Regular expression matching URL

Source: Internet
Author: User

Recently in doing some of the URL matching items, the regular expression of the understanding of not much, the internet search a lot of predecessors wrote the regular expression, found that I can not use, is the regular expression of my own to post, for you to reference.

%< I do is ASP.net project, the content is to block a text box in some url>%

First, the regular expression:

String check = @ "(HTTP|FTP|HTTPS)://) ([a-za-z0-9\._-]+\.[ a-za-z]{2,6}) | ([0-9]{1,3}\. [0-9] {1,3}\. [0-9] {1,3}\. [0-9] {1,3})) (: [0-9]{1,4}) * (/[a-za-z0-9\&%_\./-~-]*)? ";

A description of the regular expression:

①: The string that matches the regular expression must begin with http://, https://, ftp://;

②: The regular expression can match a URL or an IP address; (e.g. http://www.baidu.com or http://192.168.1.1)

③: The regular expression can match to the end of the URL, that is, it can match to the child URL; (If you can match: http://www.baidu.com/s?wd=a&rsv_spt=1&issp=1&rsv_bp=0&ie= utf-8&tn=baiduhome_pg&inputt=1236)

④: The regular expression can match the port number;


Block some of the specified URLs:

If we want to block http://in the text box we entered www.baidu.com This URL, the traditional method is to use the above regular expression to match the URL in the text box, read all the URLs and then compare them to the URLs you want to block, but there's a downside to this is that the URL we read out is up to the sub URL, and we might write a parent URL in the configuration file, which Sample to the check out of the URL to cut, plus the site's default port number is: 80, we have to compare the port number and so on, I came up with a new way:

read the URL to block from the configuration file and form a regular expression that matches the text box and blocks it if it can be matched.

The configuration file should write: <add key= "Domaincheckblackurl" value= "baidu.com"/>

Implemented in code:

Now a regular expression consists of 3 parts:

1: The beginning of a regular expression, may consist of arbitrary characters;

2: The middle part of the regular expression: the part read from the configuration file;

3: The end of the regular expression: there may be subdirectories or port numbers, etc.;

First, read out the url:string[] serverlist = configurationmanager.appsettings["Domaincheckblackurl" from the configuration file.

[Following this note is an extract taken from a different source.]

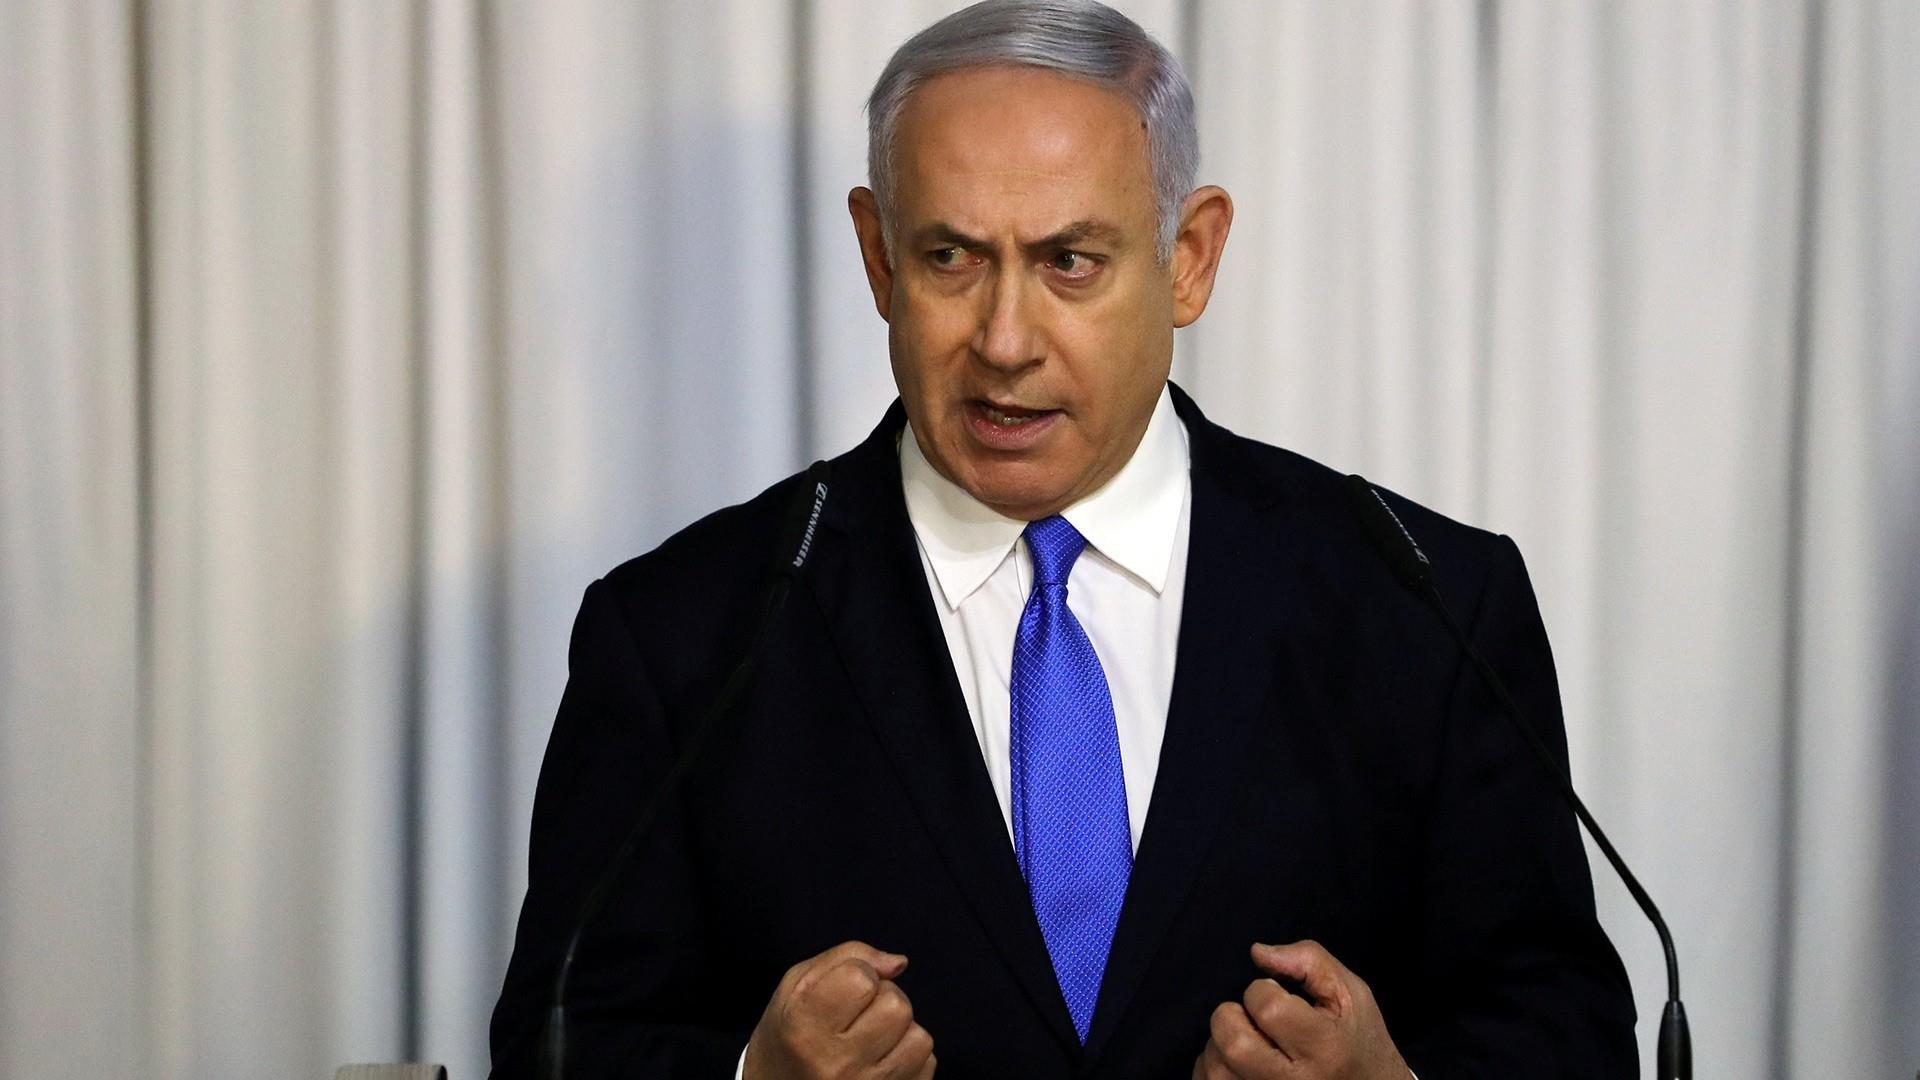 Trump, Netanyahu 'have unleashed horror in the American Jewish community'

Split (', '); (in the configuration file with "," split)

Second, string start = @ ((HTTP|FTP|HTTPS)://) ([a-za-z0-9_-]+\.) *"; (beginning of regular expression)

Then, at the end of the regular expression: ending = @ "(: [0-9]{1,4})?" ((/[a-za-z0-9\&%_\./-~-]*) | (=[^a-za-z0-9\.]) ";

Regular expression after combination: string check = start + @ ((? <=[^a-za-z0-9]) ("+ Cutstr +")) "+ End;"


These are some of my small ideas, I hope to be helpful to you.

Contact Us

The content source of this page is from Internet, which doesn't represent Alibaba Cloud's opinion; products and services mentioned on that page don't have any relationship with Alibaba Cloud. If the content of the page makes you feel confusing, please write us an email, we will handle the problem within 5 days after receiving your email.

If you find any instances of plagiarism from the community, please send an email to: info-contact@alibabacloud.com and provide relevant evidence. A staff member will contact you within 5 working days.

A Free Trial That Lets You Build Big!

Start building with 50+ products and up to 12 months usage for Elastic Compute Service

  • Sales Support

    1 on 1 presale consultation

  • After-Sales Support

    24/7 Technical Support 6 Free Tickets per Quarter Faster Response

  • Alibaba Cloud offers highly flexible support services tailored to meet your exact needs.